Emmanuel Jean Candès (born 27 April 1970) is a French statistician. He is a professor of statistics and electrical engineering (by courtesy) at Stanford University, where he is also the Barnum-Simons Chair in Mathematics and Statistics. Candès is a 2017 MacArthur Fellow.

Academic biography
Candès earned a MSc from the École Polytechnique in 1993. He did his postgraduate studies at Stanford, where he earned a PhD in statistics in 1998 under the supervision of David Donoho and immediately joined the Stanford faculty as an assistant professor of statistics. He moved to the California Institute of Technology in 2000, where in 2006 he was named the Ronald and Maxine Linde Professor of Applied and Computational Mathematics. He returned to Stanford in 2009.

Research
Candès' early research concerned nonlinear approximation theory. In his PhD thesis, he developed generalizations of wavelets called curvelets and ridgelets that were able to capture higher order structures in signals.
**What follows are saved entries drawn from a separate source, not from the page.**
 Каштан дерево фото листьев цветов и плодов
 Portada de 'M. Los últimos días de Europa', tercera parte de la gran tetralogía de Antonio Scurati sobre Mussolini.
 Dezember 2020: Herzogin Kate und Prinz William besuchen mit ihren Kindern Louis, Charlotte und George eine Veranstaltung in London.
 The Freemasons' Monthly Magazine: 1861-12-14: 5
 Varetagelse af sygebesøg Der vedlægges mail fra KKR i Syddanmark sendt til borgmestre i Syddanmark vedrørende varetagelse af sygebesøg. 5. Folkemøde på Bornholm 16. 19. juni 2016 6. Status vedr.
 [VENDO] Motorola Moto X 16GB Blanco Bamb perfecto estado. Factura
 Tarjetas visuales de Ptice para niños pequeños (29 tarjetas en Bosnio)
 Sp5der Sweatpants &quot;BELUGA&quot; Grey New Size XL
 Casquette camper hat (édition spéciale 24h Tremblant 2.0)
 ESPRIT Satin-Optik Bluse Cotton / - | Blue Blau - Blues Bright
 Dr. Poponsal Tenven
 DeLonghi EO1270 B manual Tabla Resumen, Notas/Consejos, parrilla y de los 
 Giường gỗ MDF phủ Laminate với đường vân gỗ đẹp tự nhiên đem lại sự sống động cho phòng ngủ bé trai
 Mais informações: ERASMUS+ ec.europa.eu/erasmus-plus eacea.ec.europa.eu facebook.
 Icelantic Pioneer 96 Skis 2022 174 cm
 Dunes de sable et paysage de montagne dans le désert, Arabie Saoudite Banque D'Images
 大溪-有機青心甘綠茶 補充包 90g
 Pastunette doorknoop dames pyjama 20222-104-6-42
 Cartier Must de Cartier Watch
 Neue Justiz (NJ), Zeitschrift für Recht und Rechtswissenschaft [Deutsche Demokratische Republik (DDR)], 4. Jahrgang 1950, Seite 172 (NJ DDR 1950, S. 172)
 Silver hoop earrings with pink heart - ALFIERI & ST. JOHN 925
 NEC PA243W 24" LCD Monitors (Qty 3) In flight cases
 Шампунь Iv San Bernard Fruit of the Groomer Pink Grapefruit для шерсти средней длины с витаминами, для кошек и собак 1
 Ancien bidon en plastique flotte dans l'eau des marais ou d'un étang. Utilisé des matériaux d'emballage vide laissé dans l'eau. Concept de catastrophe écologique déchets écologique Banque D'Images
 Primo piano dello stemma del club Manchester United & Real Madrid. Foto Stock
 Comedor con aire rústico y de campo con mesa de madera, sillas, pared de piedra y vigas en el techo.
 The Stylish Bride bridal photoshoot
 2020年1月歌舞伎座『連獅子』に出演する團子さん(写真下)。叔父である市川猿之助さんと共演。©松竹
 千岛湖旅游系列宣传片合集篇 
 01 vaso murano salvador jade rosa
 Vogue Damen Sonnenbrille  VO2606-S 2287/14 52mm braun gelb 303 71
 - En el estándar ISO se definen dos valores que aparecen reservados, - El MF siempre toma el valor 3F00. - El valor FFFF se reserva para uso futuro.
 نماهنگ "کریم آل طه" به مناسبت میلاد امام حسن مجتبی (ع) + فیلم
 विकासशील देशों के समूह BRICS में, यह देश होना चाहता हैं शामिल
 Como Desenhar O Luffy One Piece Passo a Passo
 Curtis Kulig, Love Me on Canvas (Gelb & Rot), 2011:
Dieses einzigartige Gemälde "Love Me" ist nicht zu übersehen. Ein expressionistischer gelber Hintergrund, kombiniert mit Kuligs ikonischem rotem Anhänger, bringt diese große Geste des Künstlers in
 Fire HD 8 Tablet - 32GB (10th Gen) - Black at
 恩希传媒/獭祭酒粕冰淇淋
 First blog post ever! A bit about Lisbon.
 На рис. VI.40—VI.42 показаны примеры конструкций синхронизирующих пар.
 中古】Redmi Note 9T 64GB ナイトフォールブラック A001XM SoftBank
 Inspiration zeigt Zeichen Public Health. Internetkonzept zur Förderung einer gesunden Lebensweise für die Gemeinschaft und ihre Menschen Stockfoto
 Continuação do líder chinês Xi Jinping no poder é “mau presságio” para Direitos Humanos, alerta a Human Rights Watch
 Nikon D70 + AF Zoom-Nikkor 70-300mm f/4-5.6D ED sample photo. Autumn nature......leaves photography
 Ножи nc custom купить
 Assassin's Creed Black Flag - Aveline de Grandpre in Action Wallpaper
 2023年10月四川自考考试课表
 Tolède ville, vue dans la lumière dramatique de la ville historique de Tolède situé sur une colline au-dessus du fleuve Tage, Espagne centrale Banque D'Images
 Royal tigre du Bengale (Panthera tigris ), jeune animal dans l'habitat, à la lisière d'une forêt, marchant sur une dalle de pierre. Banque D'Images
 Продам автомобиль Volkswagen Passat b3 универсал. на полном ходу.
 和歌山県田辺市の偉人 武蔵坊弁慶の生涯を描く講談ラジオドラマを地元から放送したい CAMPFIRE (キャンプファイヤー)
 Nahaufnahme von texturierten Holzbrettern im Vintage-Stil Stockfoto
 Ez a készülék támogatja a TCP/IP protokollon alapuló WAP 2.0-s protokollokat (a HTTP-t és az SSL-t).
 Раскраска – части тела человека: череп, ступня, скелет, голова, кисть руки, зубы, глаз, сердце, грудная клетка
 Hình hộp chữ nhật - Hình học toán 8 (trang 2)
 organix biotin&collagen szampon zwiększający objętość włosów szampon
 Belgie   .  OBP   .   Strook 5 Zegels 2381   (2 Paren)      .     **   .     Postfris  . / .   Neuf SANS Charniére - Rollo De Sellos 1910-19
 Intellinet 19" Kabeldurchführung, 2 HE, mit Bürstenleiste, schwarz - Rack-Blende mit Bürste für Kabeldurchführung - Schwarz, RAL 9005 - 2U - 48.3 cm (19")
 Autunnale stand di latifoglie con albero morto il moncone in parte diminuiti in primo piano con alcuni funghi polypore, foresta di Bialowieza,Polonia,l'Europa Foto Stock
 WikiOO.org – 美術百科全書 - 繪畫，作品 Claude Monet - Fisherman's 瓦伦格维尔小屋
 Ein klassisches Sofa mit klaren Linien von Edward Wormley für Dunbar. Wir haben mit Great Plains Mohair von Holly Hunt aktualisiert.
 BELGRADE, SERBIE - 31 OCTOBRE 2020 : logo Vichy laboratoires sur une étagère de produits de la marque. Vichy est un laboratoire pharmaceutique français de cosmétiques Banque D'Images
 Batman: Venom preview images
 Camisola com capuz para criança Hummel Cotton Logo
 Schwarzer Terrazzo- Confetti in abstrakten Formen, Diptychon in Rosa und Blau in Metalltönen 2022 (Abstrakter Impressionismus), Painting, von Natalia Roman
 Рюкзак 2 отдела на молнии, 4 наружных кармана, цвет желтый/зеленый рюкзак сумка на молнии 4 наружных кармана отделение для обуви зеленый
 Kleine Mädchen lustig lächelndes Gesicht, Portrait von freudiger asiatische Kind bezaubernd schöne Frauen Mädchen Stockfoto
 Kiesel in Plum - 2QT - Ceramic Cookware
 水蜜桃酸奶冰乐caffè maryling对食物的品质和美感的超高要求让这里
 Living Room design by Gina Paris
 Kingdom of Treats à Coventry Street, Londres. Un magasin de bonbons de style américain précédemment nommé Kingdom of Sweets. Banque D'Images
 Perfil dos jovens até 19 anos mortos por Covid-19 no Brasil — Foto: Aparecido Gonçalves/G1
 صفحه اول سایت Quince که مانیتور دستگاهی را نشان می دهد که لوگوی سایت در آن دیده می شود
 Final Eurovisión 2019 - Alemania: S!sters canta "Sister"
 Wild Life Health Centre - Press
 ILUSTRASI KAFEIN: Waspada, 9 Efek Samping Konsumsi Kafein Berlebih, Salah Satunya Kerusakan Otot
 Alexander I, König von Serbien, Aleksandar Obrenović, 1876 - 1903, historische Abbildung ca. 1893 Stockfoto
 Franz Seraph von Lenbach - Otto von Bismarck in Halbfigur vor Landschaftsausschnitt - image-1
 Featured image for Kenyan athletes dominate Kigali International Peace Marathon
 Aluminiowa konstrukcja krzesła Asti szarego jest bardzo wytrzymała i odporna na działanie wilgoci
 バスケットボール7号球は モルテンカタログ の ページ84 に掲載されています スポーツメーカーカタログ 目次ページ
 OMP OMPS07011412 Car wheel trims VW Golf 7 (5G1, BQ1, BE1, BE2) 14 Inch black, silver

This work has had significant impact in image processing and multiscale analysis, and earned him the Popov prize in approximation theory in 2001.

In 2006, Candès wrote a paper with Australian-American mathematician Terence Tao that spearheaded the field of compressed sensing: the recovery of sparse signals from a few carefully constructed, and seemingly random measurements. Many researchers have since contributed to this field, which has introduced the idea of a camera that can record pictures while needing only one sensor.

Awards and honors
In 2001 Candès received an Alfred P. Sloan Research Fellowship. He was awarded the James H. Wilkinson Prize in Numerical Analysis and Scientific Computing in 2005. In 2006, he received the Vasil A. Popov Prize as well as the National Science Foundation's highest honor: the Alan T. Waterman Award for research described by the NSF as "nothing short of revolutionary".  In 2010 Candès and Terence Tao were awarded the George Pólya Prize.  In 2011, Candès was awarded the ICIAM Collatz Prize. Candès has also received the Lagrange Prize in Continuous Optimization, awarded by the Mathematical Optimization Society (MOS) and the Society for Industrial and Applied Mathematics (SIAM). He was also presented with the Dannie Heineman Prize by the Academy of Sciences at Göttingen in 2013. In 2014 he was elected to the National Academy of Sciences. In 2015 he  received the George David Birkhoff Prize of the AMS / SIAM. He is also a fellow of SIAM. In 2017 Candès received the MacArthur Fellowship for exploring the limits of signal recovery and matrix completion from incomplete data sets with implications for high-impact applications in multiple fields.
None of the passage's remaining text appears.